Jett recognized her now from the first run of the day, which seemed like a week ago after the night she’d had. “Sorry. I didn’t recognize you, Major.”

The major smiled, and Jett tumbled into the warm blue depths of her eyes. Quickly, she looked away.

“But not sorry you put yourself in the line of fire, is that it, Chief?”

“I was only thinking of the wounded.”

“I know.” The major extended her hand across the table. “Gail Wallace.”

Jett took her hand. Her skin was smooth and warm. Warm like her eyes and her smile. Jett couldn’t remember ever seeing anyone so beautiful.

She jolted back to the present as Linda rapped one hand on the side of the helicopter. “All set, Cap.”

Jett watched the team lift the stretcher into the aircraft, and when she was sure her crew was secure, she took the helicopter up, Gail’s face still vivid in her mind. She couldn’t remember how many times she’d glanced back to see Gail behind her, tending the wounded or leaning out the door, manning a gun while Jett took off under fire. She didn’t want to think about Gail, not now, not while she was flying.

Flying had always been her escape. As soon as she was airborne, she was free—free from the memory of her father’s anger, her mother’s misery, her own helplessness. Behind the controls, she was in control.

Even in the midst of combat, she felt only exhilaration, not fear. She made choices, and no matter the outcome, she would live or die by them. No regrets. Except one.

Ignoring the familiar ache in the pit of her stomach, she gave herself over to the strong, steady hum of the rotors above her head, like the heartbeat of a lover in the dark. Even knowing it wouldn’t last, she welcomed the few moments of peace and headed toward home.

Chapter Two

Jett circled the hospital rooftop, checking her speed, her angle of approach, and the wind direction. The trauma team ringed the circle of light below, waiting to converge on the aircraft. Gently, she set her aircraft down precisely in the center of the landing pad. The doors flew open and the medcrew jumped out, guiding the stretcher out as the trauma team raced forward to meet them, heads lowered beneath the sweep of the still-turning rotors. Within a matter of seconds, Jett was alone on the rooftop, her job done. Adrenaline still surged through her bloodstream, and her hands trembled as she locked down her aircraft.

With her helmet tucked under her arm, she strode to the stairs and hurried down a level to the suite of rooms reserved for the flight crews.

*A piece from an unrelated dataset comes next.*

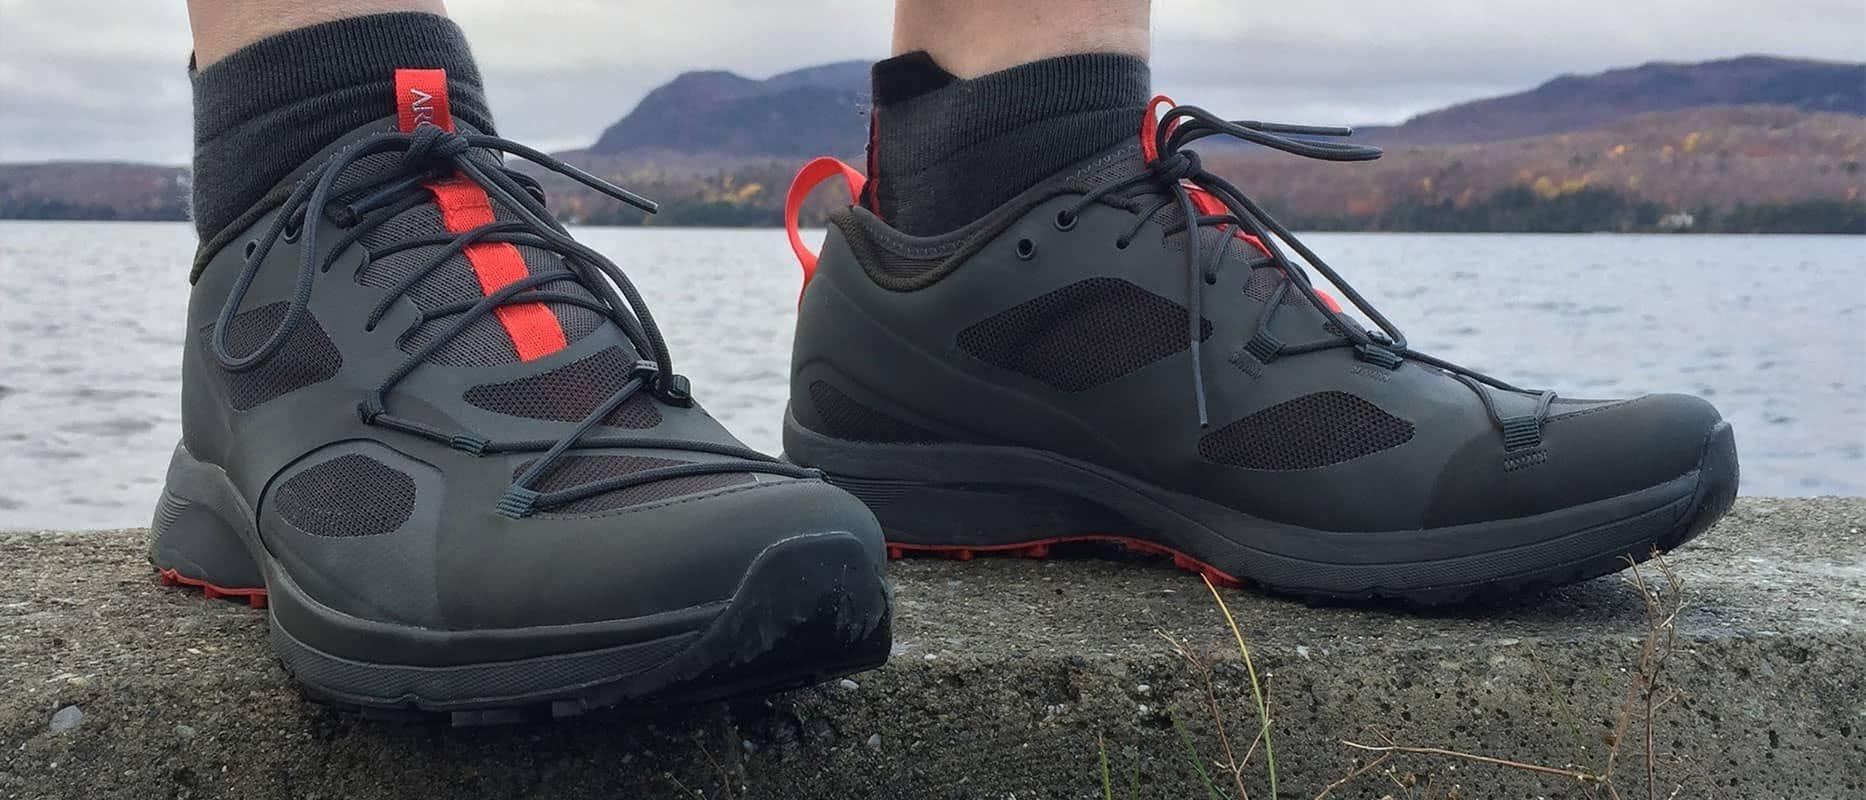 Arc'teryx, Running. Arc'teryx's First Ever Trail Running Shoe: The Norvan VT & Norvan VT GTX
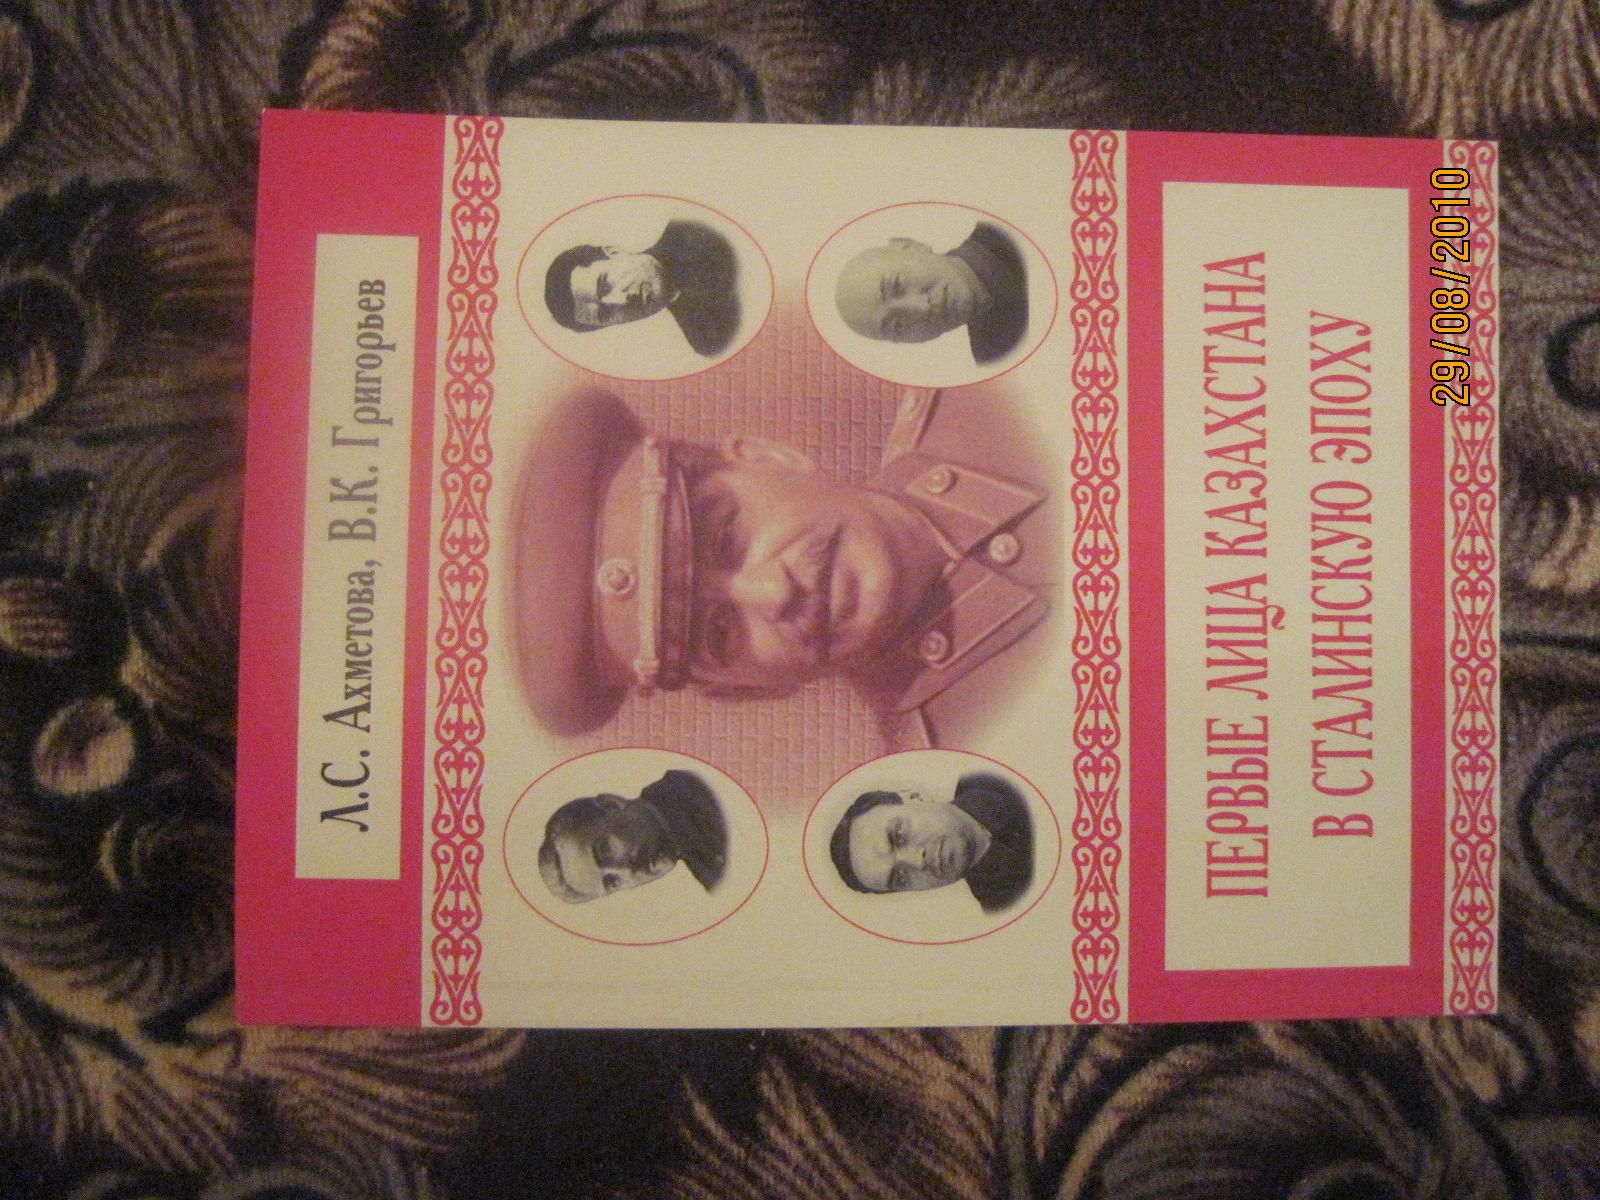 Akhmetova_Laila_2010_08_27_Stalin_KZ_leaders_00_book_folder_Akhmetova_Grigoryev

She had her own small on-call room and private bathroom. The door from the hall opened into the room on one side and, opposite, another door led to the lounge area where the pilots and medcrews waited until a request came in. In addition to her bed, her room held a dresser, a small TV with only intermittent reception, a single straight-backed chair, and a tall narrow bookcase. She propped her helmet on her dresser, stripped off her flight suit, and draped it over the back of the chair. Then she went into the bathroom, ran cold water, and doused her head and face.

“Tough flight?”

Jett lifted the tail of her Army-issue green T-shirt and wiped her face, then turned to find the major standing just behind her. “Hot and dusty.”

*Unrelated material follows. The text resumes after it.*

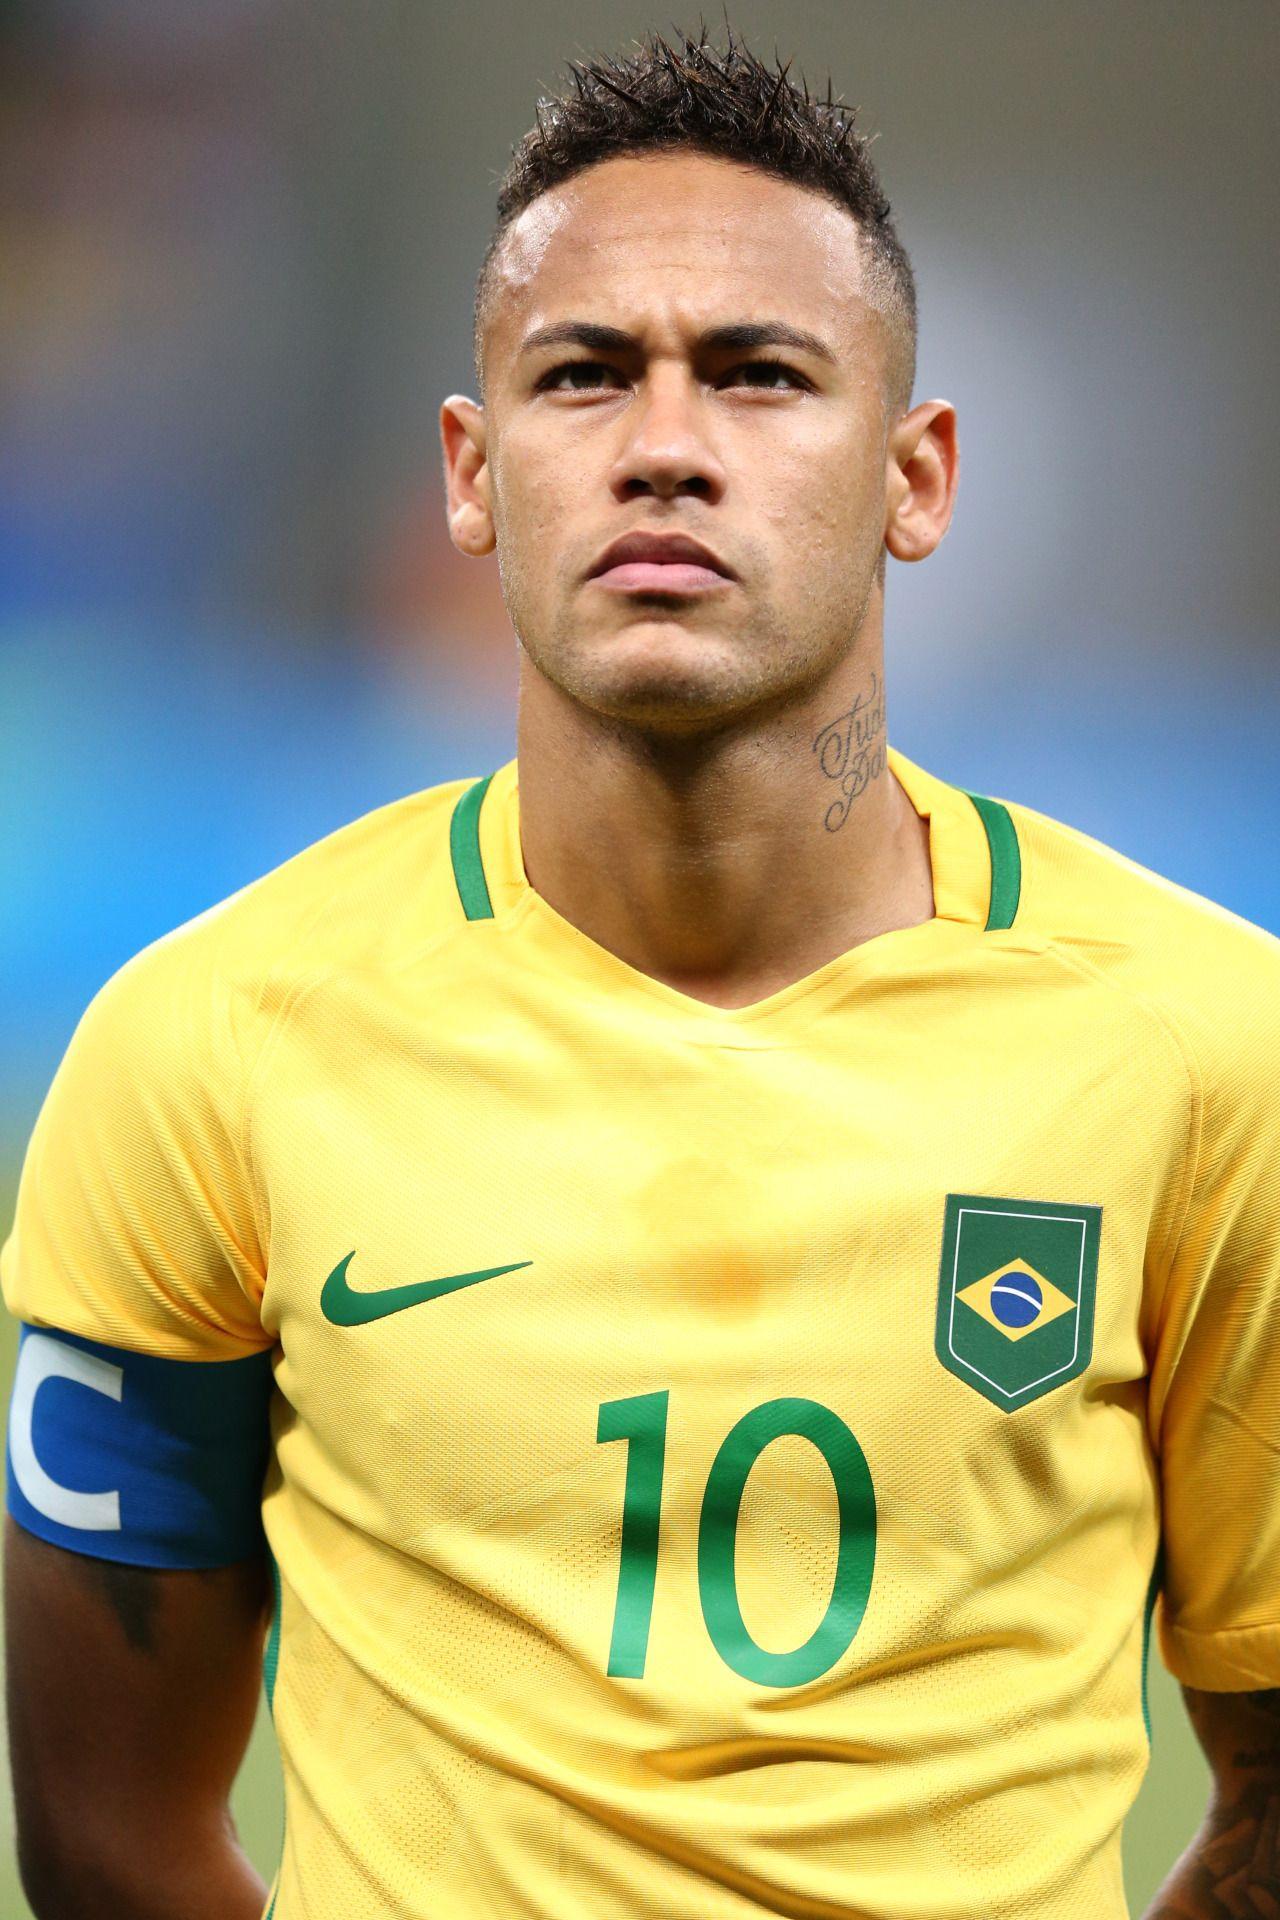 Neymar 10 Brazilian National Team Captain

Gail smiled. “Just routine, then.”

“Yeah.”

“How long have you been here?”

“Four months,” Jett said. “This time.”

“Regular army?”

“Yes. You?”

“Sixteen toward my twenty,” Gail said.

A career Army officer. Jett had thirteen years in herself, but she’d come up a different route. She didn’t often have casual conversations with other soldiers. She talked to her fellow pilots, but mostly about the flights or their aircraft. She’d always been a solitary person; living in close proximity with men and women with whom she couldn’t be completely honest only made her more reluctant to make connections.